● **What you should do**
Give again, exactly as written, the lines of the records below from the line with "Richard Mille RM 035-02 Rafael Nadal" to the line with "The case measures". Both end lines count; pictures do not.

───── Task input ─────

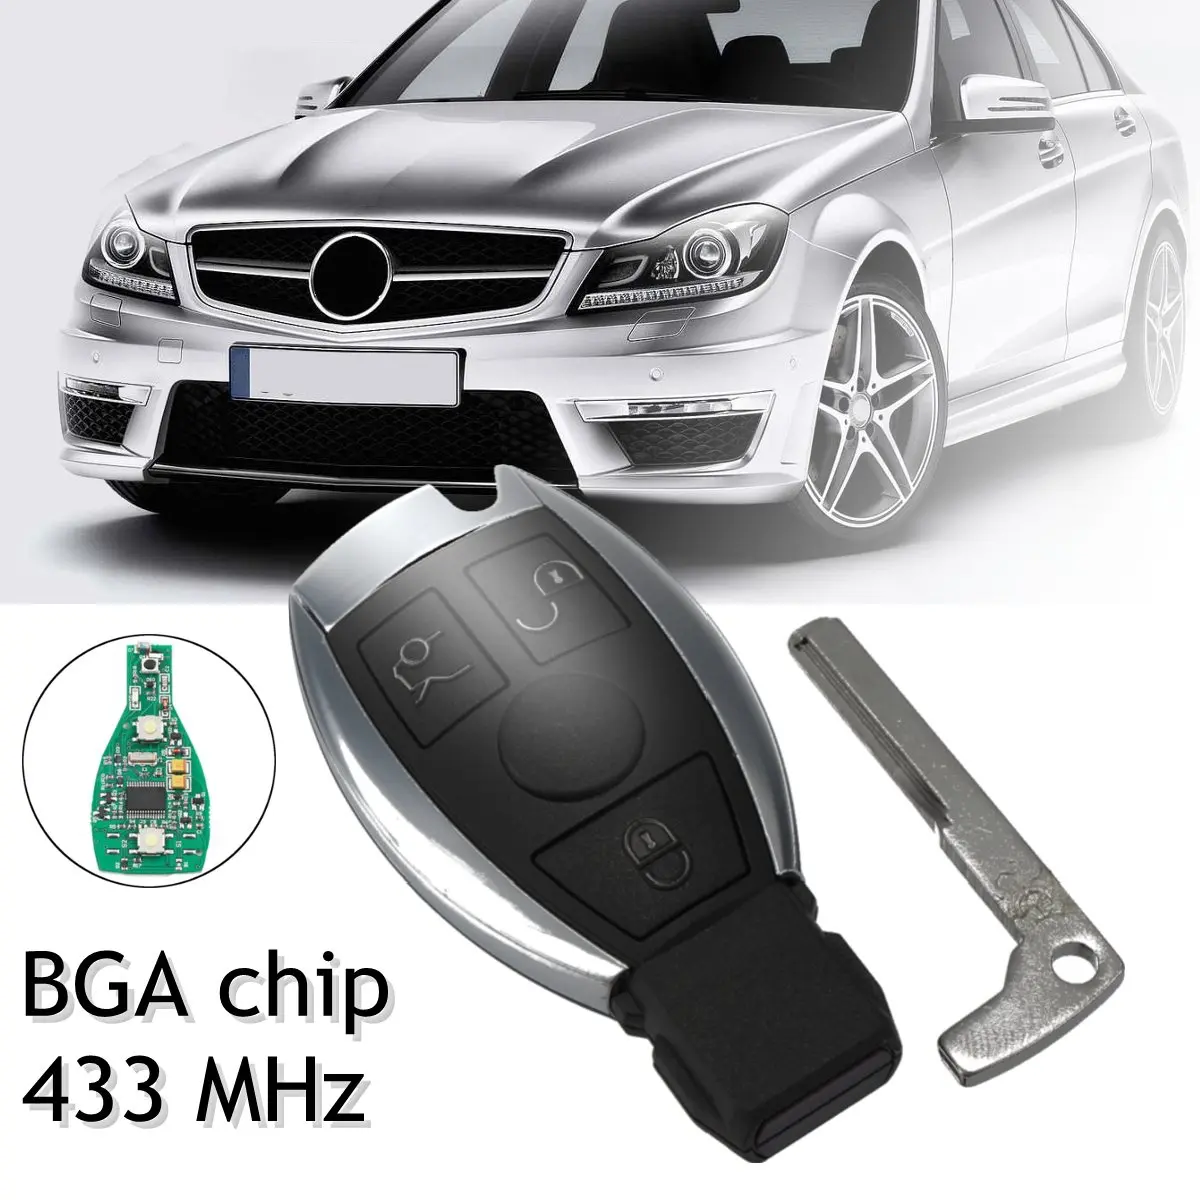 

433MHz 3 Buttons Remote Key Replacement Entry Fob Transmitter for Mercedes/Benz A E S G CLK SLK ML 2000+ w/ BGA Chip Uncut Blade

─────
───── Task input ─────

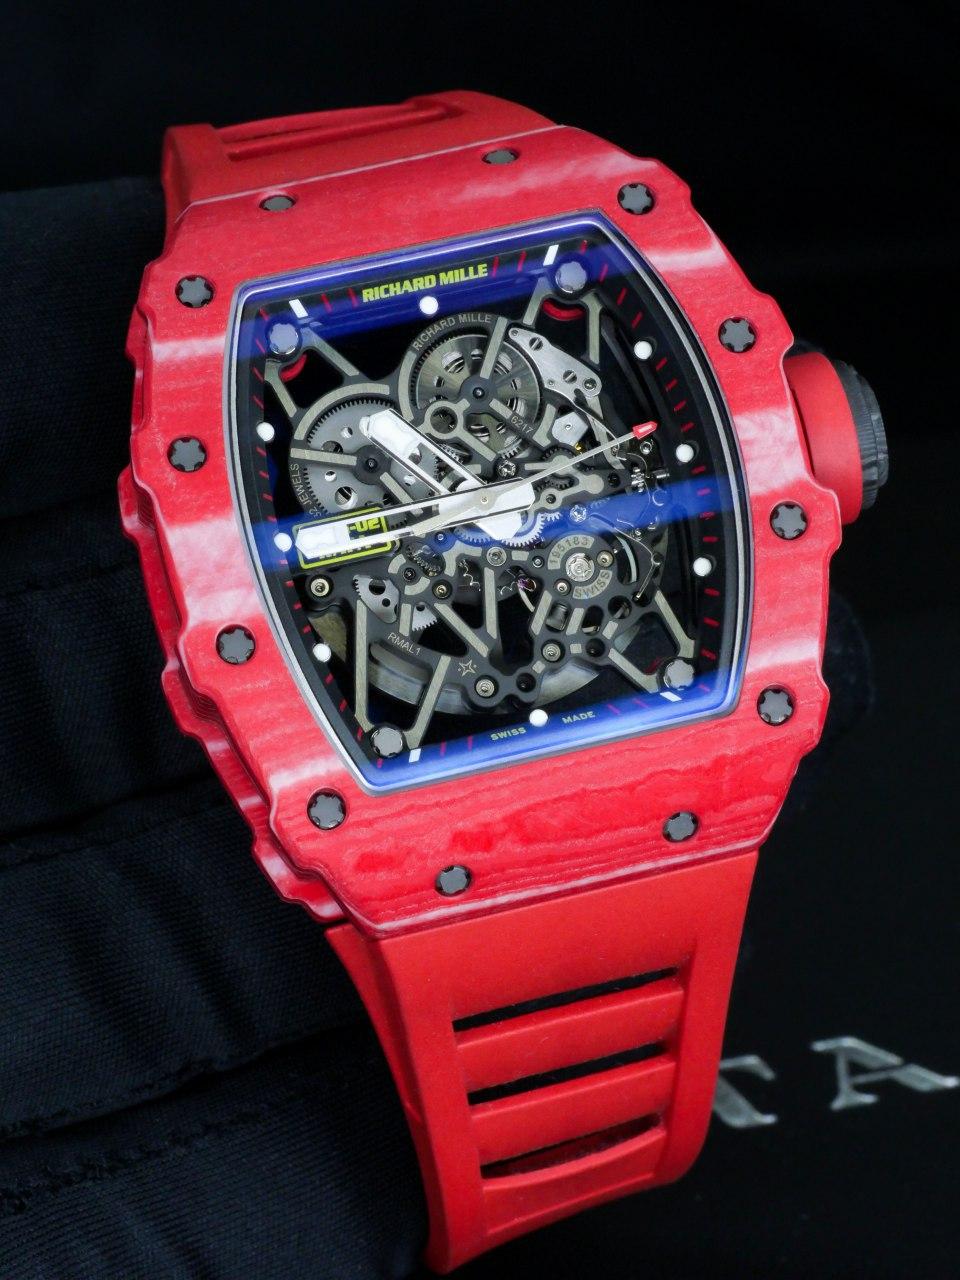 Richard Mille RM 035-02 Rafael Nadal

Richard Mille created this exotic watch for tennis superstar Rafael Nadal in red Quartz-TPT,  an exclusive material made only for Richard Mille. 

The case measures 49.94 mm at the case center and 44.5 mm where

─────

● **Reply**
 Richard Mille RM 035-02 Rafael Nadal

Richard Mille created this exotic watch for tennis superstar Rafael Nadal in red Quartz-TPT,  an exclusive material made only for Richard Mille. 

The case measures 49.94 mm at the case center and 44.5 mm where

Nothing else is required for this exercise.